Tracy Lord was everything I wanted to be when I became a woman and everything I was jealous of -- money, connections, a life of style and refinement and privilege. I always have had champagne tastes. Certainly I have always had my blows softened for me, as Dexter suggests of Tracy, and if someone else could not soften them, then I would imagine a softening myself or else pretend it never happened.

I am now nearly twenty-four, the same age as Tracy in the play. I am not, as almost a woman -- or am I one? -- all those things I always dreamed I would be and certainly I am not at all Tracy Lord. I am fiercely intelligent, yes, beautiful, noble on occasion, strong when I must be and getting stronger every day, I am sarcastic and classy when I want to be, educated...but I am much more human coming to twenty-four than Tracy. I have had many a fall and have stopped attempting to escape the blows or even to soften them. I no longer imagine myself a tower of strength, and though my standards for myself and others are particularly high still, they are much lower than they once were and plummeting even farther down with each passing day.

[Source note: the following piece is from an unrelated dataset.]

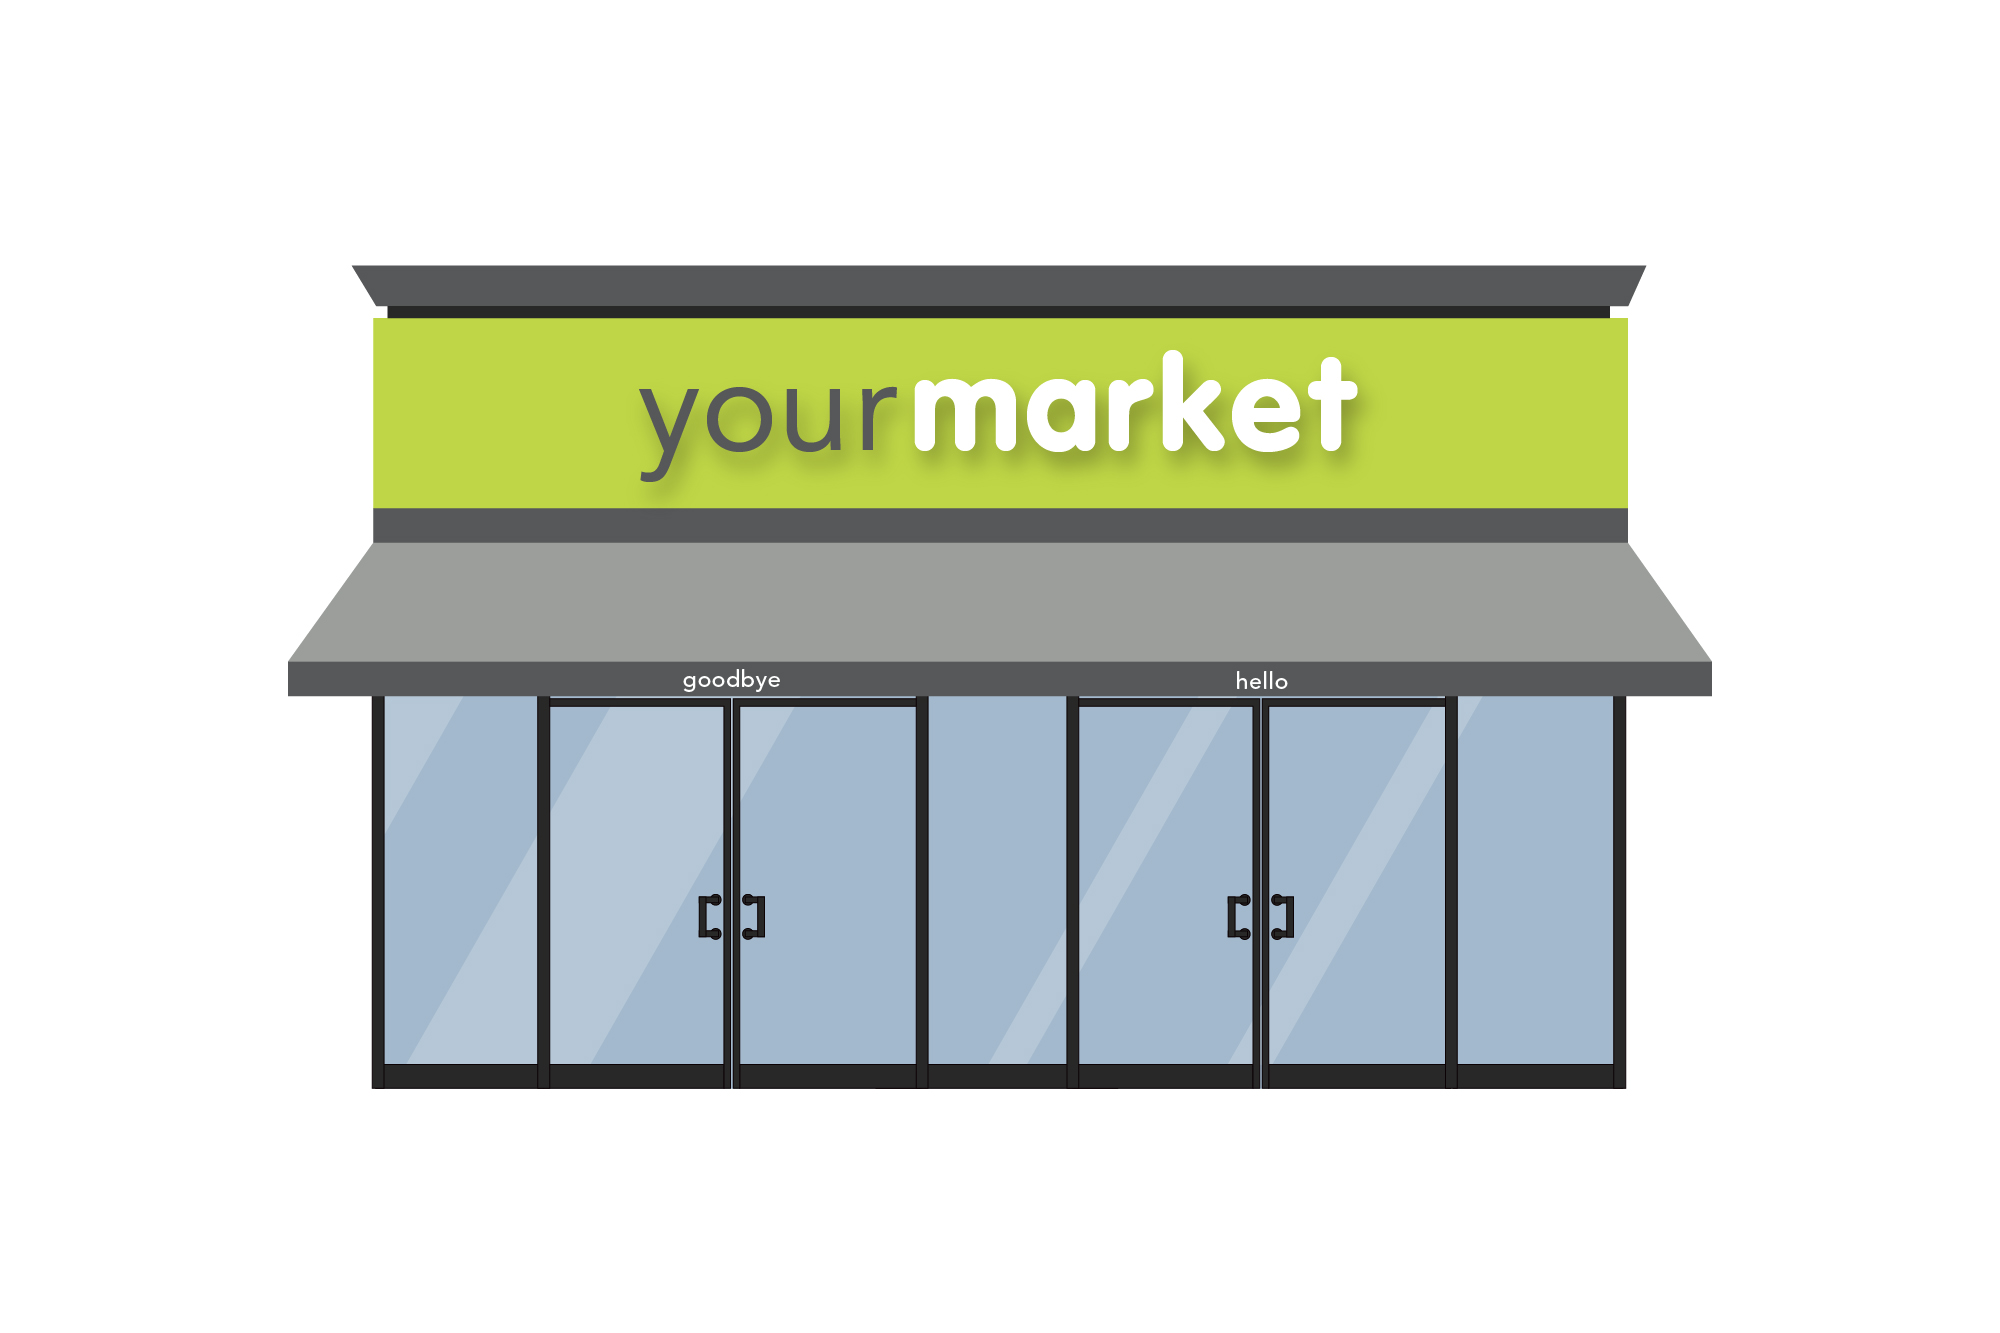 sarah holley design - your market - exterior

I am not particularly tolerant of people that I consider "beneath me," be it in intelligence or class or standards of living, and even harder on those in whom I see my old or current faults.

But the point is that when reading the script for The Philadelphia Story today, though I was taken as I always am with the cleverness of the writing and was, of course, thoroughly entertained, I enjoyed it on a completely different level: I appreciated the fall. I couldn't wait for the fall. I loved every second of it. I empathized. I was Tracy. I delighted in each misstep she took and urged her more and more past her delusion, wanted her to falter, encouraged her to misbehave, to go "haywire," as Elizabeth Imbrie says, celebrated her public humiliations, her failures, the upheaval of everything she thought she knew.

This is a huge step for me. I certainly still have my trouble falling in my acting and though I tend to wind up on my face repeatedly in life, my pride often gets in the way of my ability to admit that I tripped and especially that I may need help getting up.

Pride is not a bad thing by any means, but as I become a woman, as I turn twenty-four, as I start to willingly free-fall in life, I think the next thing I ought to learn, and the thing that will help me come to terms with and better discover who I truly am (as Terri suggested, I'd like to own my trials and triumphs so that I can be done with being erratic and start with being a leading lady) is when to replace pride with humility.

Part of me is resistant to this entire entry. A voice says this isn't entirely true, or at least that I may be pandering to people who might read this as I write it. Or that I want so badly to have discovered something by the strangely emotional experience of reading The Philadelphia Story that I'm reaching for anything that applies. But I just started to type and here it is, so whether it's completely honest or not, it is what it is.

I don't know. I feel hopeful, though.